Pegida spaltet sich - Oertel und Co. planen neues Bündnis

Pegida spaltet sich - Oertel und Co. planen neues Bündnis
Ex-Pegida-Vize René Jahn sprach in Dresden über die Gründung eines neuen Bündnisses.
dpa, Sebastian Kahnert

Asylpolitik soll in den Hintergrund rücken

Nach heftigen internen Zerwürfnissen und dem Rückzug der halben Führungsriege spaltet sich das islamkritische Pegida-Bündnis in Dresden. Die Hälfte der Führungsmannschaft hat den Verein verlassen und möchte nun ein neues Bündnis ins Leben rufen. "Wir wollen uns nicht totspazieren", sagte der bisherige Vereins-Vize René Jahn bei einer Pressekonferenz. Man suche den Dialog mit der Politik und den Medien und wolle als Sprachrohr die Sorgen und Nöte der Menschen aufgreifen. "Wir wollen die bürgerliche Mitte in Dresden erreichen", fügte Jahn hinzu. Auch das neue Bündnis wolle jeweils am Montag in Dresden auf die Straße gehen. Eine erste Kundgebung der zurückgetretenen Pegida-Führungsleute ist für den 9. Februar angemeldet, wie die Stadt mitteilte.

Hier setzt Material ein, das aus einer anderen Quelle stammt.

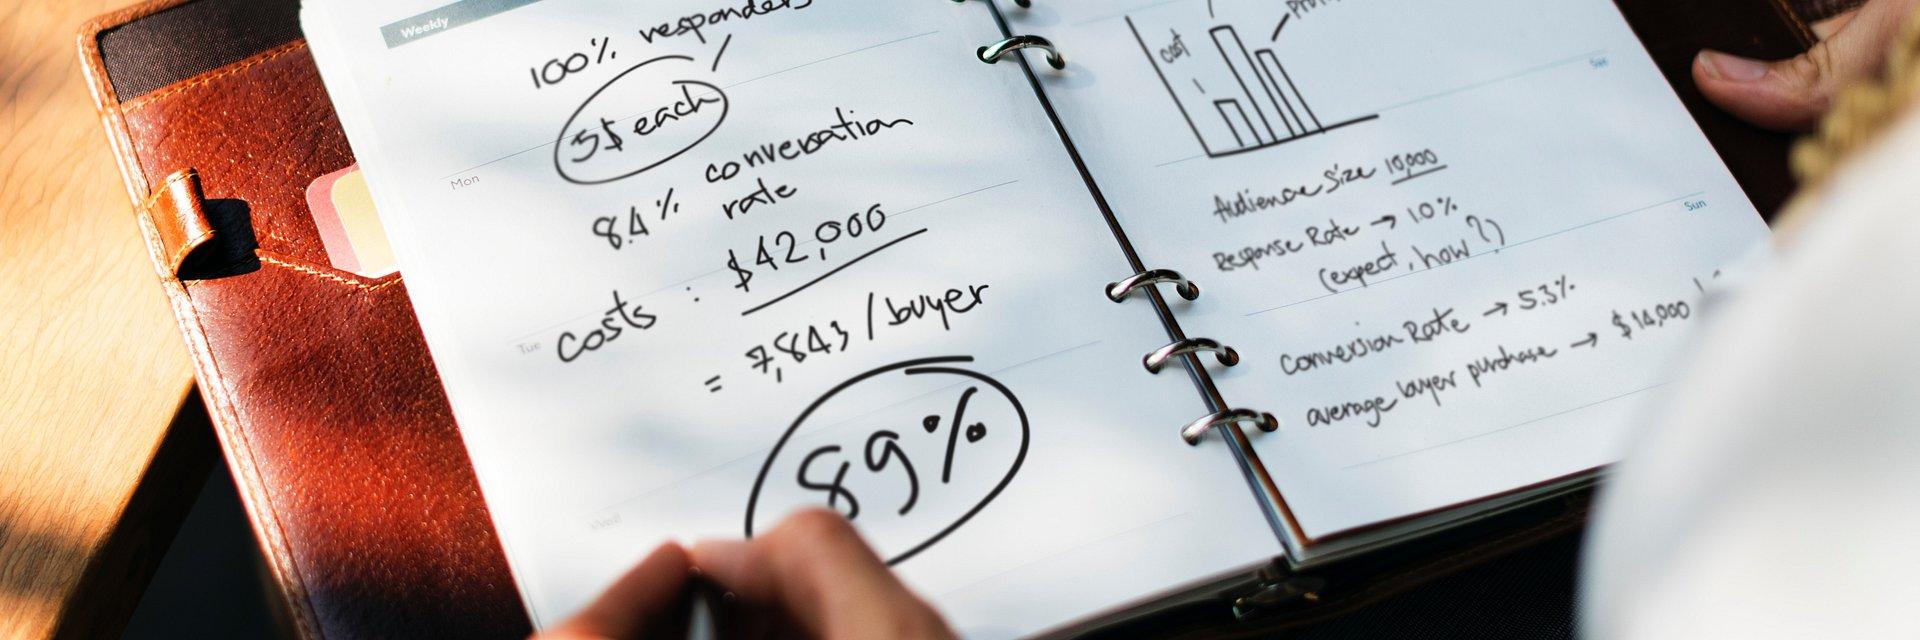 Małe firmy w 2019 rok wchodzą z nadzieją. I z problemami (RAPORT)

Ähnlich hatte sich zuvor Bernd-Volker Lincke geäußert. Derzeit arbeite er gemeinsam mit der früheren Sprecherin Kathrin Oertel an Ausrichtung und Inhalten. "Wir positionieren uns gerade neu", sagte er. Asylpolitik solle demnach in den Hintergrund rücken, stattdessen soll es künftig stärker um Themen wie innere Sicherheit und direkte Demokratie gehen. Man wolle sich politisch näher in Richtung CDU orientieren.

Jahn verriet den neuen Namen noch nicht, die Endung 'gida' sei aber nicht vorgesehen. Die 'Sächsische Zeitung' hatte berichtet, dass die Bezeichnung 'Bewegung für direkte Demokratie in Europa' im Gespräch ist.

Kögida gibt auf

Laut Lincke sollen die neuen Positionen noch vor dem 9. Februar vorgestellt werden – für den Tag hat auch das Pegida-Bündnis auf seiner Facebook-Seite wieder eine Kundgebung in Dresden angekündigt, nachdem die Demonstration für den kommenden Montag abgesagt worden war.

Der verbliebene Teil von Pegida warf den Abtrünnigen indirekt vor, sich von der Politik "kaufen zu lassen": "Wir stehen nach wie vor für unser 19-Punkte-Programm. Wir lassen uns nicht kaufen und werden weiter laufen! ", hieß es in einem Eintrag auf der Facebook-Seite von Pegida. Der Verein wolle in den nächsten Tagen einen neuen Vorstand wählen.

Sprecherin Oertel hatte am Mittwoch nur eine Woche nach dem Rücktritt des Pegida-Mitbegründers Lutz Bachmann ihr Amt niedergelegt. Mit ihr zogen sich weitere Mitglieder aus dem Orgateam zurück – darunter auch Lincke.

Trotz des Streits bei der Dresdner Pegida planen die meisten lokalen Ableger keine Absagen ihrer Demonstrationen. Am Freitag wollte das Bündnis Legida, das Verfassungsschützer als rechtsradikaler einstufen, in Leipzig auf die Straße gehen. Es darf allerdings nur eine Kundgebung abhalten, wie die Stadt entschied. In den nächsten Tagen sind zudem Demonstrationen in Frankfurt, Hannover, Braunschweig, Würzburg, Stralsund und Suhl geplant. Der rechtsgerichtete Ableger Kögida zieht sich dagegen aus Köln zurück. Stattdessen wolle man sich auf Düsseldorf konzentrieren, hieß es.

Sachsens Regierung kündigte an, die Gesprächsangebote für Pegida-Demonstranten langfristig aufrechtzuerhalten. Der Dialog dürfe kein Strohfeuer sein, sagte Innenminister Markus Ulbig (CDU).